Когда я уезжала, была абсолютно уверена, что больше мы с ним никогда не свидимся. Но шло время. Месяц, другой, третий… Никаких известий от Е.О. не было. Я вздохнула с облегчением. Но вдруг – письмо от него. Я бросила его в огонь, не читая. Второе – распечатала, но не прочла. Оно лежало на столе, но тут принесли третье. Я погрузилась в оба. И снова: пени, извинения, уверения в почтении и любви, смирение со своей участью… Он терзал мне сердце! Я не ответила. Последовали новые письма.
Я переехала с вод в Рим, попросив не сказывать никому своего нового адреса. А потом до меня дошло известие о несчастном декабрьском возмущении. Сердце мое оборвалось. Ведь Е.О., с его прямым и честным характером и беспримерной тягой к справедливости, скорее всего мог оказаться в тот злосчастный день на площади. Чувства, которые я испытала – волнения за него, беспокойства, страха, – сказали мне, что в моем сердце, оказывается, совсем не угасла любовь к нему.

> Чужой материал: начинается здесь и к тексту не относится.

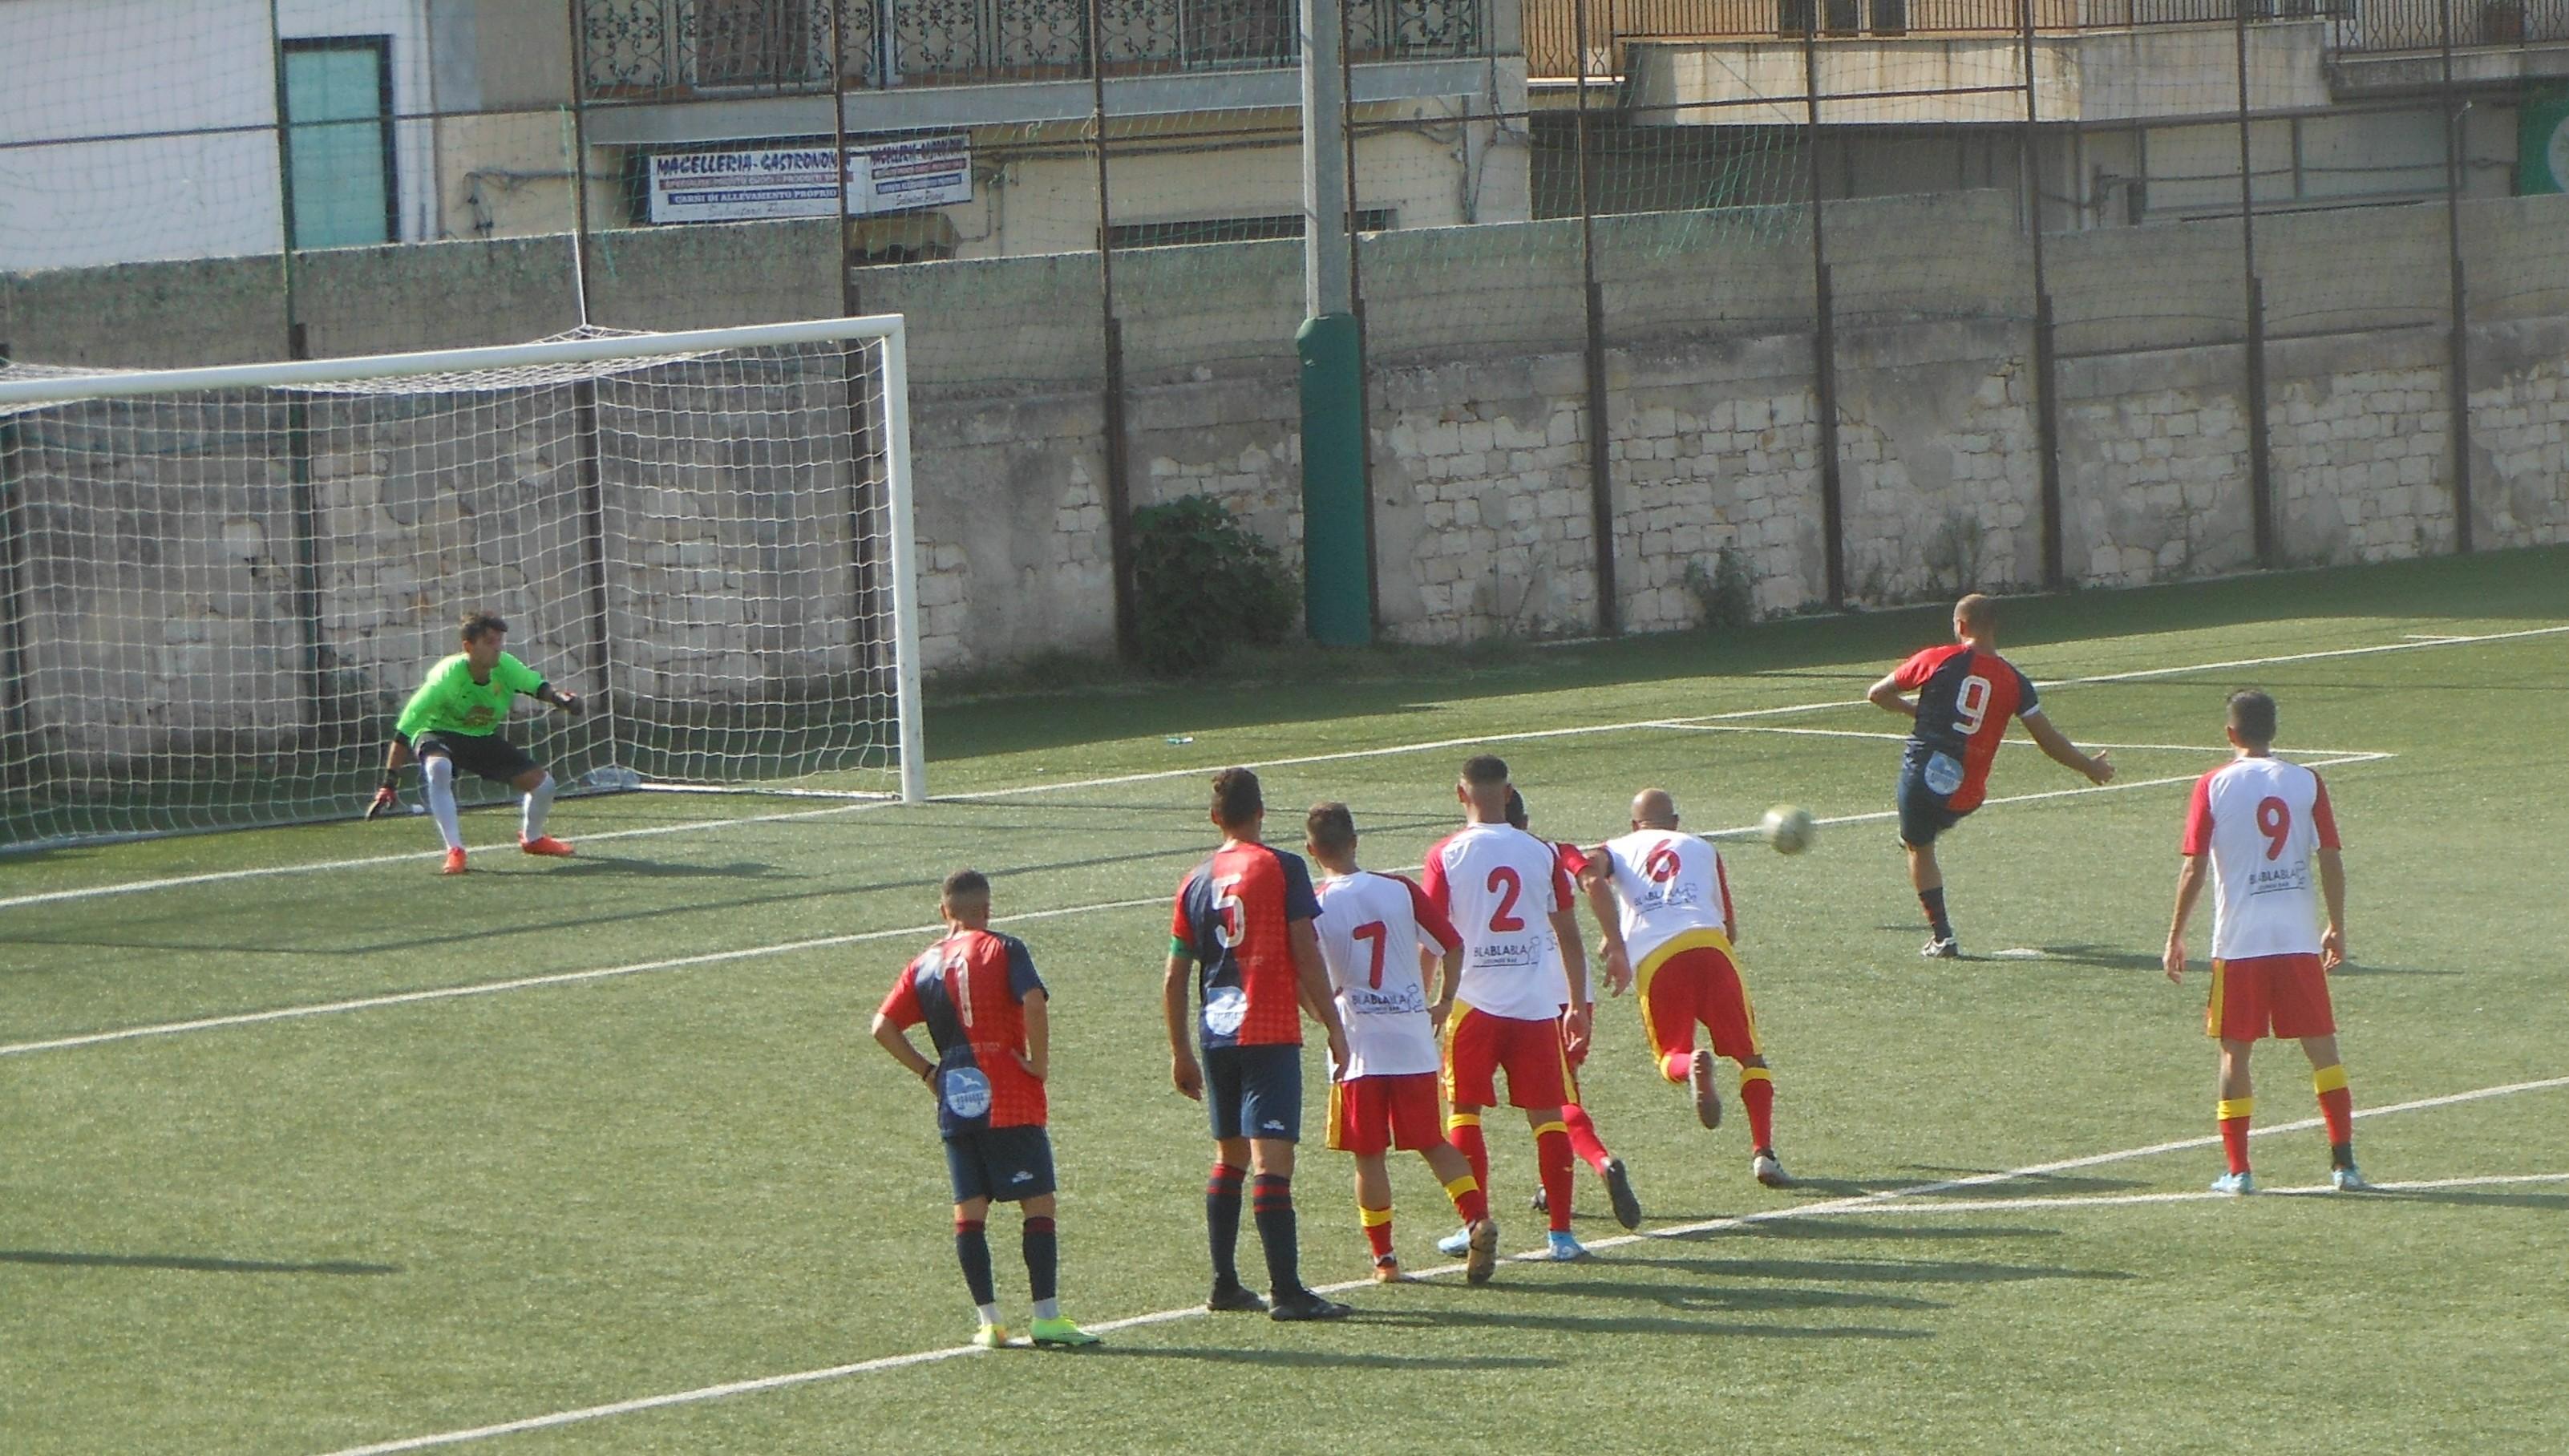 Calcio, Coppa Italia Promozione: il Modica si impone al Canicattini ( 2 a 0 ) con reti di Vicari e Iurato. Il Frigintini battuto a Vittoria, doppietta di Rizzo

Окольными путями я пыталась узнать о судьбе Е.О. Бесполезно. Друзья, которым я могла доверять (таких осталось мало, разве что графиня З* не отвернулась от меня), ничего не могли мне сообщить о нем. Я пребывала в горе и беспокойстве.
И вот вчера… Да, да, вчера – мне принесли записку:
Княгиня,
Я здесь, в Риме. Покорнейше прошу меня принять.
И хорошо знакомая подпись: заветный вензель, «Е» да «О».
Боже мой, неужели скоро мы с ним увидимся?!